Bare in mind that the decisions for the various platform choices were made based off of cost, performance, ease of use, our team’s acquaintance with them and community built around it, for example we had Azure credits worth $1,000 and we had google credits worth $200; It only made financial sense that we rely on Azure although we acknowledge it was not the most friendly cloud platform available.
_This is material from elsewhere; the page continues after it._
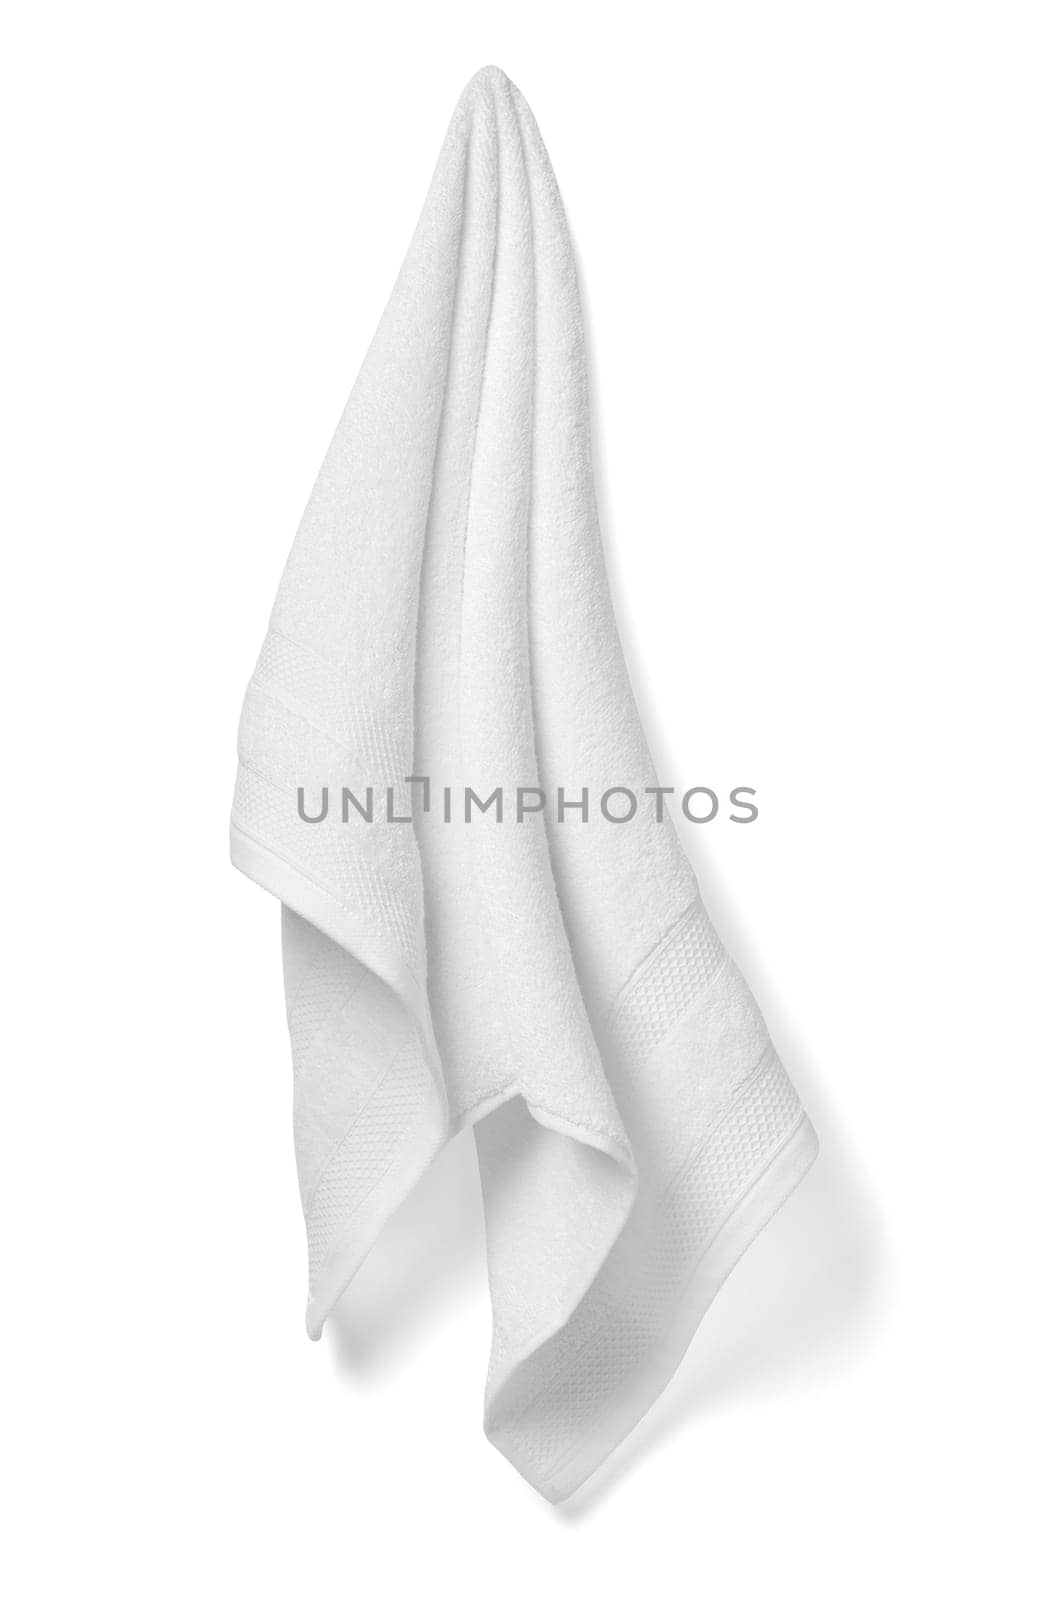 towel cotton bathroom white spa cloth textile by Picsfive

For the choice on databases, we segmented them into two usecases; one for basic storage and retrieval; We went for a vector database because they allow for fast similarity searches; which is what we wanted since we had a RAG model as part of our architecture at a point. We knew there was going to be indexing of data and a vector database would be the best way to store it.

Yet again the decision for what we chose came down to available resources and familiarity with the tech; we found documentation on how to setup indices in Pinecone and also saw some documentation on Langchain specifically tailored for pinecone. Adding to the fact that we ran into some errors trying to use Redis which was our first choice for a vector DB; we quickly switched our minds to Pinecone.

MongoDB and Azure Data Lake didn’t get the light of day for different reasons; The former didn’t have the easiest path to entry despite having plenty documentation out there; It had a steep learning curve and thus we chose to forego it. However much we acknowledge the robustness of the MongoDB Atlas Semantic search and coupling it with a RAG model.

The latter was too early for us. We aren’t yet at the level, or scale of having big data and as such would just be a wastage of resources for us to run this service if we have failed to exhaust our current DBs. Although we shall still keep it on our rack for when we get there and our needs warrant such storage capacities.

This brings me to the second segment of our Dbs; Data Mining and Machine Learning; we saw the essence of having our system become better at answering questions by fine-tuning a foundational model to turn it into a proprietary and enterprise LLM specifically built for our business usecase and fully decoupled from and independent of it’s source/parent model.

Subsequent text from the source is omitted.